Haven't tested for fuel. I believe it is vacuum ignition. Each plug tested well. I am unsure whether the lifters are solid or hydraulic. I am not close to the car, unfortunately and is quite a distance away.

We went at it again and still a no go. I took a ton of pics and there is a video of the compression test on cly #1, please let me know what you think.


----------



## WaterWheels (Aug 14, 2005)

OK, looked at the pictures and watched the video. It is a mechanical/Vacuum ignition distributor, just so you know, and seems to be positioned fine. All the marks do seem to be lined up correctly. The cylinder head is a mechanical follower type. The video disturbs me though as the cylinder not only does not build much pressure at all on the first compression stroke, but does not hold pressure either. The first compression stroke on a healthy engine should kick up to about 3/4 or more of the total pressure it will build. Yours hits 30psi each stroke and does not stay but rather falls (bad gauge?). A side from something having been done wrong during the head gasket work, can't say what but anything that would cause the cylinders not to seal, all I can think of is the valve clearance. Was the camshaft removed? Are there any secrets not mentioned yet, camshaft change or unsure history of the engine? Have you at least checked the valve clearance cold to be sure the valves are not being held open?


----------



## Sr. Karmann (Feb 5, 2009)

WaterWheels said:


> OK, looked at the pictures and watched the video. It is a mechanical/Vacuum ignition distributor, just so you know, and seems to be positioned fine. All the marks do seem to be lined up correctly. The cylinder head is a mechanical follower type. The video disturbs me though as the cylinder not only does not build much pressure at all on the first compression stroke, but does not hold pressure either. The first compression stroke on a healthy engine should kick up to about 3/4 or more of the total pressure it will build. Yours hits 30psi each stroke and does not stay but rather falls (bad gauge?). A side from something having been done wrong during the head gasket work, can't say what but anything that would cause the cylinders not to seal, all I can think of is the valve clearance. Was the camshaft removed? Are there any secrets not mentioned yet, camshaft change or unsure history of the engine? Have you at least checked the valve clearance cold to be sure the valves are not being held open?

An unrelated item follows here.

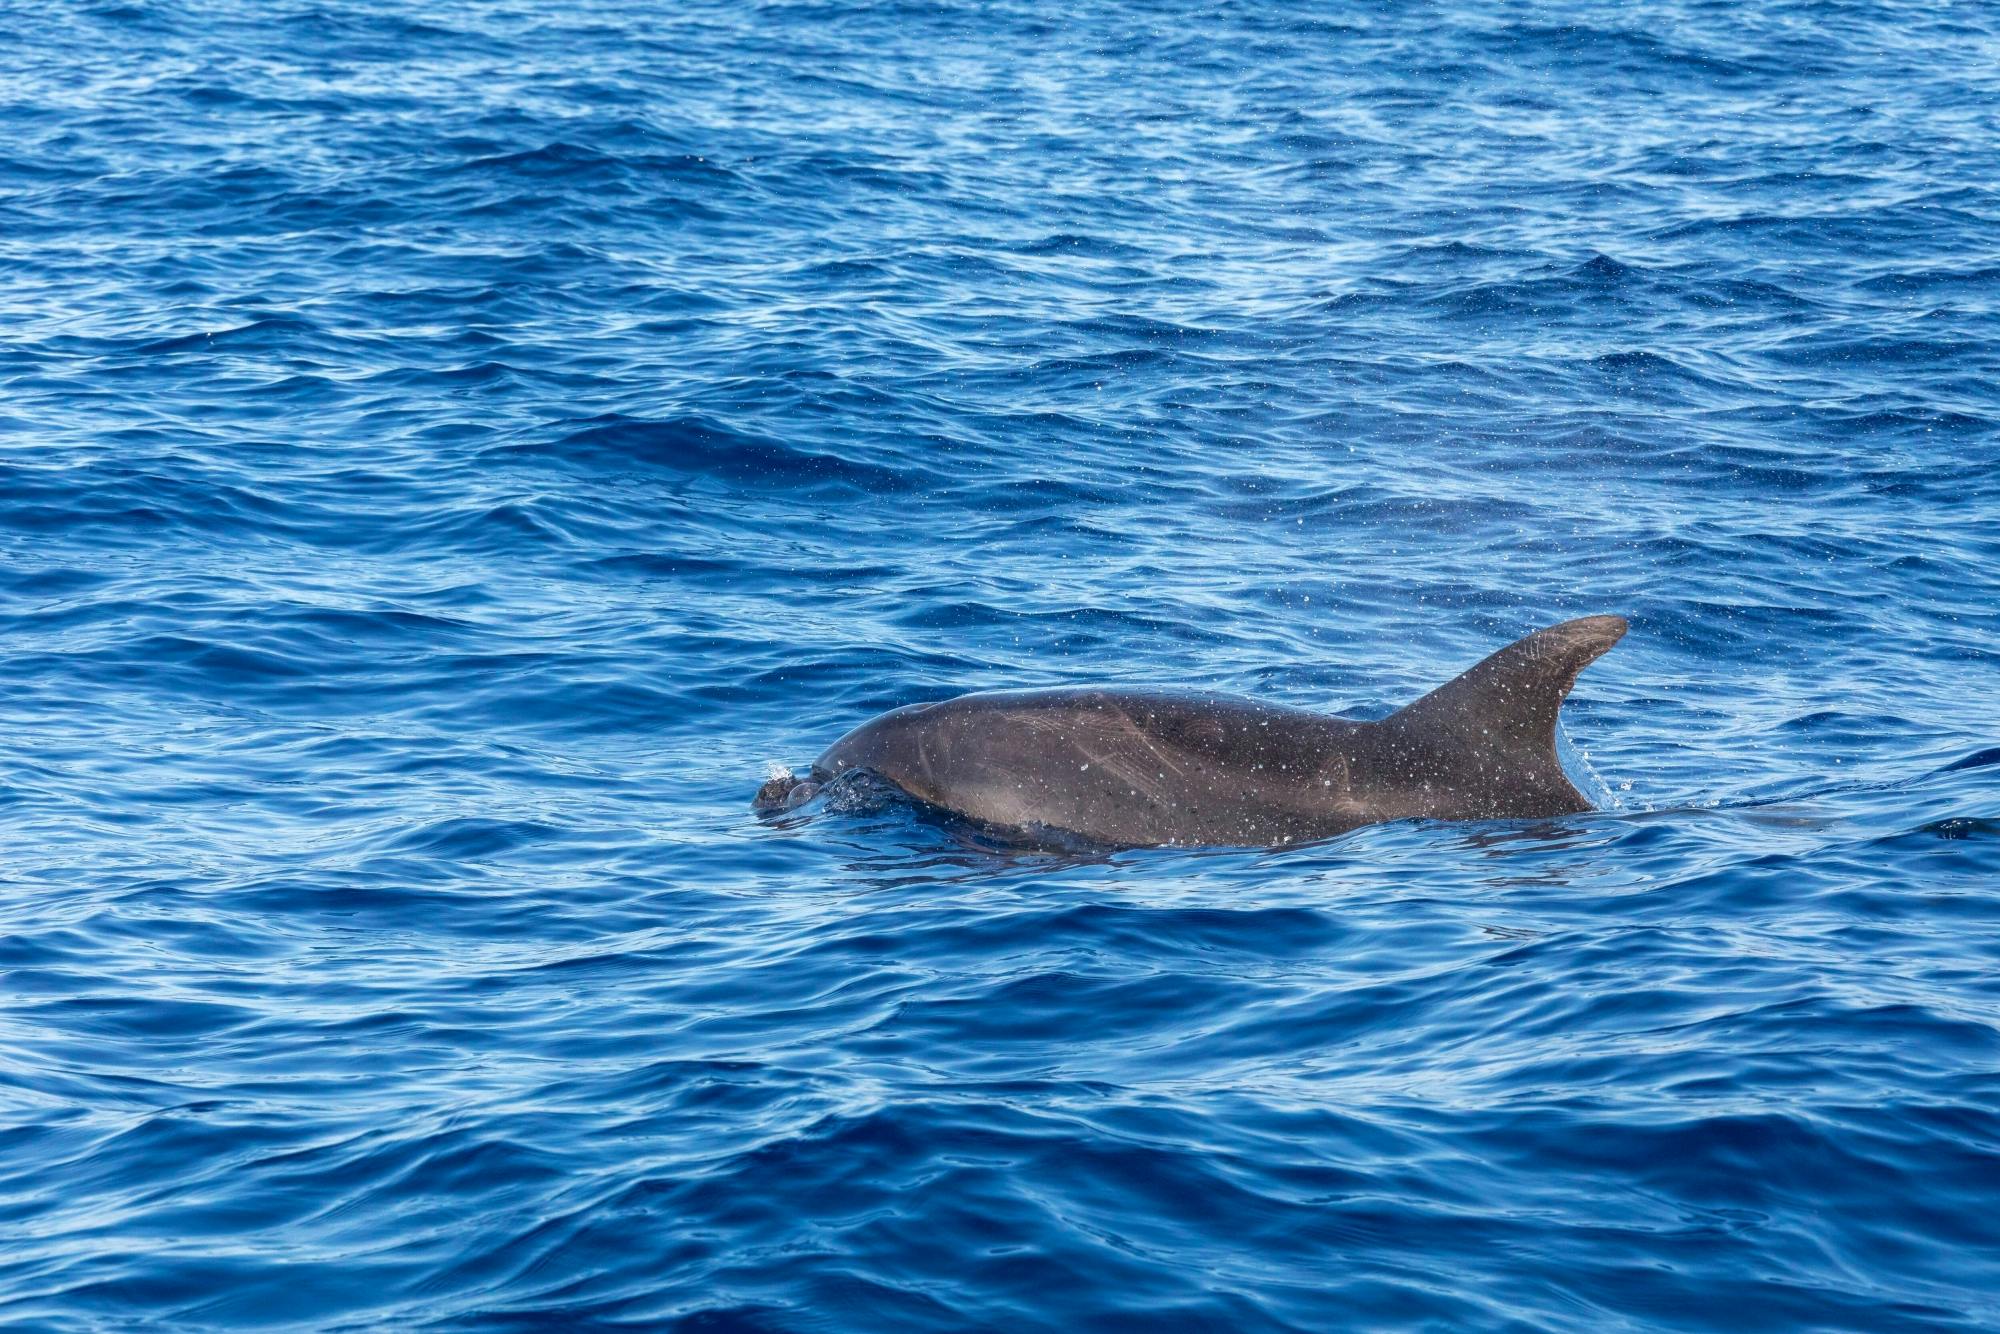 Bootsfahrt zur Delfinbeobachtung

I believe it to be a faulty gauge, a friend tried it on his R32T and could not get it to hold pressure. Thanks for the info on ignition and lifters :thumbup:

The camshaft was not removed for the head gasket. No secrets that I know of, I was with the PO when he bought the car, he wanted my opinion before the purchase. It was a solid running car, drove it back about 2 hours from where he bought it. It needed a few maintenance items, mostly fluid change and some new hoses, that was it. I have not checked valve clearance, which is actually what I was thinking of next, that the valves were possibly being held (stuck) open. I will refer to the Bentley on the test procedure.

Does the motor look like it is turning over fast enough with the current starter to fire over? Seems very slow to me.


----------



## WaterWheels (Aug 14, 2005)

If it was running OK before and the cam had not been touched there really is no reason to check the valve clearance. If it makes you feel better knowing it is correct or requires a little adjusting then fine do it as it only takes a few minutes. Gauge being bad could explain the drop in pressure between compression strokes but not the low initial pressure (first jump). I guess this will have to wait until a known good gauge is used for another test.

Hard to really tell if the engine is turning "fast enough". I have had motors fire while turning at a very very slow speed, almost not even turning,maybe luck but it has happened. I wanted to time the belt but in the video it does not appear until too late. From the compression spikes of the gauge I would say it is turning slow, but how slow I can't say. I did hear some things that I could not nail down. One was a kind of tick sound which seemed to be in beat with the cranking. The other was some kind of background sound that seemed to be constant during the cranking. Any idea as to what they are or maybe just noise in the garage?


----------



## Sr. Karmann (Feb 5, 2009)

WaterWheels said:


> If it was running OK before and the cam had not been touched there really is no reason to check the valve clearance. If it makes you feel better knowing it is correct or requires a little adjusting then fine do it as it only takes a few minutes. Gauge being bad could explain the drop in pressure between compression strokes but not the low initial pressure (first jump). I guess this will have to wait until a known good gauge is used for another test.
> 
> Hard to really tell if the engine is turning "fast enough". I have had motors fire while turning at a very very slow speed, almost not even turning,maybe luck but it has happened. I wanted to time the belt but in the video it does not appear until too late. From the compression spikes of the gauge I would say it is turning slow, but how slow I can't say. I did hear some things that I could not nail down. One was a kind of tick sound which seemed to be in beat with the cranking. The other was some kind of background sound that seemed to be constant during the cranking. Any idea as to what they are or maybe just noise in the garage?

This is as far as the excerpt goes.